I know, rather unfortunately I'm looking for the analytical solution.

I myself will tend to deal with his by changing x, y, z into equations with x, y, z, a, b, c, and I think that will instead kill me....:D

I don't know what I'm doing here but I have been working with truth tables so, make a sort of truth table for x,y and z with a,b and c as results.
x y z a b c
0 0 0 0 0 0
0 0 1 1 0 0
0 1 0 1 0 0
0 1 1 2 1 0
1 0 0 1 0 0
1 0 1 2 1 0
1 1 0 2 1 0
1 1 1 3 3 1

x=y=z = 1. a = 3 = b. c = 1
I think that is the only solution, but I don't know why.

Like some others my solution is as follows:

x + y + z =a multiply both sides by x and rearrange gives

ax - x^2 = yx + zx

sub yx + zx = ax -x^2 into equ 2

gives yz+ax - x^2 = b

from equ 3 yz =c/x sub into above gives

c/x + ax -x^2 = b multiply both sides by x and rearrange gives:

x^3 -ax^2 +bx - c = 0

The analytical solution to the roots is beyond my ambition at the moment.

Cheers,

editted for +/- signs

There is no way I would go through the work of an analytical solution to a cubic when the successive approximations method is so easy.

If you want to do all the work, the following is the general approach. Givenx³ - ax² + bx - c = 0

a = x + y + z
b = xy + xy + yz
c = xyz

If the above are true, then x, y, z are roots of the cubic.The above can be solved by first substituting x = u + a/3 for x.

If you work out the algebra, you get u³ + pu + q = 0, where p & q are expressions in a, b, c. Given a, b, c you can work out the values for p, q.

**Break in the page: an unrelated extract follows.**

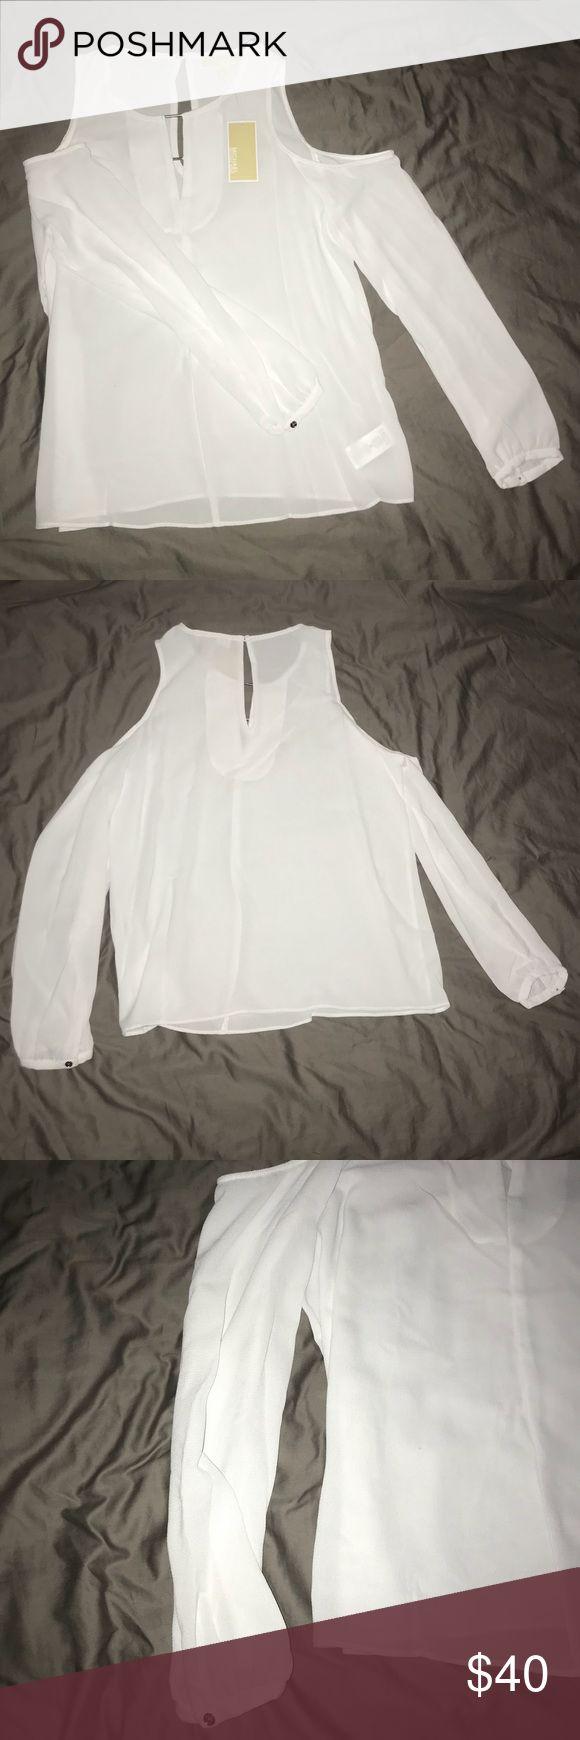 Michael Kors Women's Basics Shirt Size M NWT NWT Size M White 97% Polyester/3% Elastane Michael Kors Tops Blouses

Now substitute v = u - p/3u — Do a search for Cardano or Tartaglia, who worked this out a long time ago. I think this substitution is correct, but am not 100% certain. If it is wrong, it is close and you can probably figure out the correct substitution.

The above substitution and some algebraic manipulation results a quadratic in v³, with coefficients which are expressions in p & q.

Use the ordinary formula for roots of a quadratic to get values for v³. Find the three complex cube roots of each root of the quadratic to get values for v.

Then reverse the substitutions to get the three roots of the original cubic. Since you have 6 values for v, some of the roots might be spurious or might be equal to each other.

I recommend the successive iteration method.

I came up with this lasr night as I was thinking about something else entirely. I think it's valid.


From Mephura:

x^3-ax^2+bx-c=0
z^3-az^2+bz-c=0
y^3-ay^2+by-c=0

you can see the derivation in my last post.

from the fact that a, b, c are always the same you can infer from these equations that x=y=z

Subbing bacj into original equations gives

3x=a equ 1

3x^2=b equ 2

x^3=c equ 3

Now given any single value of any of x, y, z, a, b, c you can establish values for all the others.

ie x=2 gives a= 6, b=12, c=8 y=2 z=2

a=-3 gives x=-1=y=z b=3, c=-1

and so on....

Cheers!

Actually loojing over my solution, I see that x,y,z, cannot be <0, this will invalidate the cubic relationships from above. I believe this is the only limitation, though.